La mochila de Rick se movía.

Me erguí de golpe.

—¿Qué llevas ahí?

—Es la nueva amiguita de Rick —respondió Shaun en un tono burlón—, George, Rick posee un encanto irresistible, ya deberías haberte dado cuenta. Nada más salir de la cuadra, ella se lanzó sobre él. Había visto novias pegajosas en otras ocasiones, pero ésta se lleva el premio, el premio gordo.

Me volví al miembro júnior de mi equipo de reporteros.

—¿Rick?

—Tu hermano dice la verdad. Se agarró a mí en cuanto me vio entrar en la cuadra y se dio cuenta de que no la apuntara con una pistola de lejía ni pretendía hacerle daño. —Rick abrió la mochila y de su interior emergió una cabecita de color naranja con manchas blancas, que me miró con unos asustados ojos amarillos. Yo me quedé mirándola atónita, y la cabeza volvió a esconderse.

—Es una gatita.

—Los demás estaban muertos —explicó Rick, cerrando la mochila—. Debió de escarbar en la paja y refugiarse a mayor profundidad que los otros. O quizá se encontraba en el exterior cuando apareció la cuadrilla de limpieza y luego se quedó encerrada cuando se marchó tras acabar la faena.

—Es una gatita.

—Ha dado negativo en las pruebas, George —dijo Shaun.

Los mamíferos de menos de veinte kilos no se convierten, porque carecen de algún equilibrio básico entre el tamaño del cuerpo y la masa cerebral, pero en ocasiones pueden ser portadores del virus en su estado activo, al menos hasta que acaba matándolos. Aunque se dan poquísimos casos. La mayor parte de las veces simplemente siguen con su vida limpios de la infección. En las zonas donde se ha producido un brote, no se pueden pasar por alto esos «poquísimos casos».
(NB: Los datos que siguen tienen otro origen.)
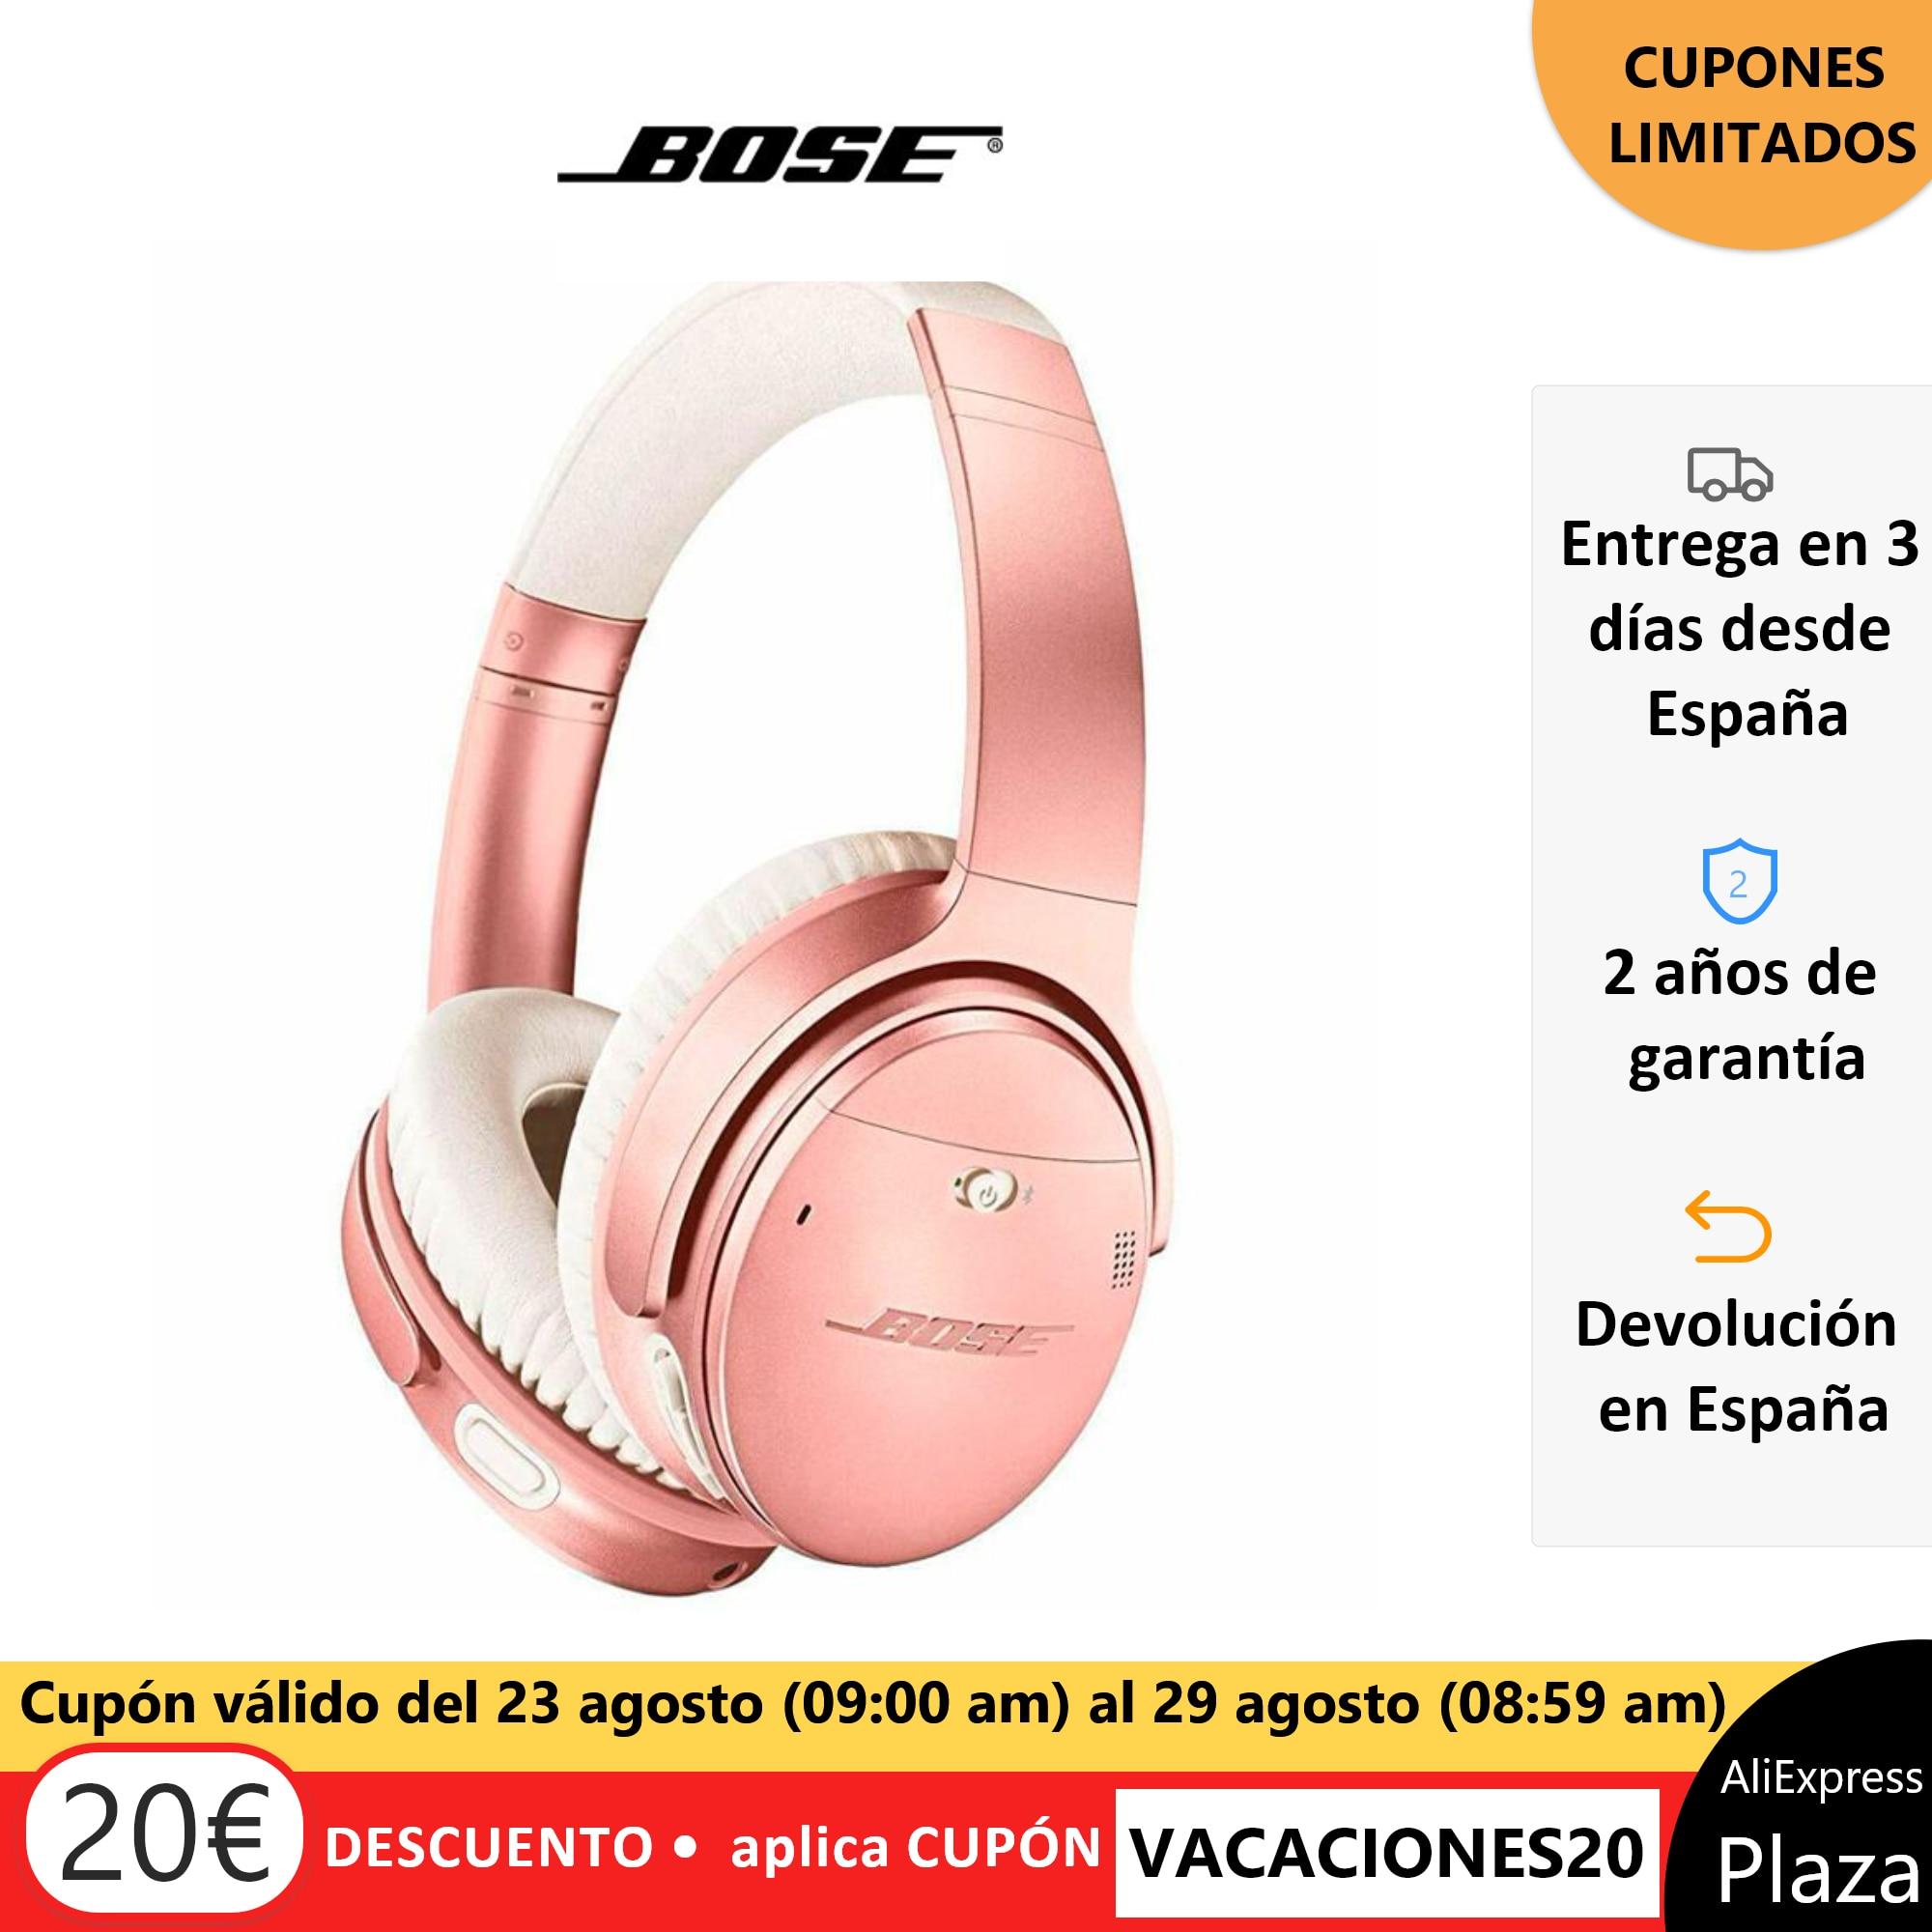 Bose QuietComfort 35 II wireless headphones ear bluetooth ratio noise canceling Google Assistant folding free from

—¿Cuántos análisis de sangre le habéis realizado? —pregunté con la mirada clavada en Shaun.

—Cuatro. Uno en cada pata. —Levantó los brazos anticipándose a mi siguiente pregunta—. No, no me ha arañado, y sí, estoy seguro de que la gatita está limpia.

—Y tu hermano ya me gritó por recogerla antes de realizarle los análisis —añadió Rick.

—No creas que eso te salva de que yo te grite. —Me solté de Shaun—. Simplemente estoy esperando a regresar dentro. Tenemos tres cuadras limpias y un gato vivo, caballeros. ¿Estamos listos para proceder?

—No tengo un plan mejor para esta tarde —dijo Shaun, aún en un tono dicharachero. Estábamos en territorio irwin y pocas cosas le hacen más feliz—. ¿Están grabando vuestras cámaras?

—Grabando. —Eché un vistazo a mi reloj—. Tenemos buenas tomas y memoria de sobra. ¿Vas a pavonearte un poco?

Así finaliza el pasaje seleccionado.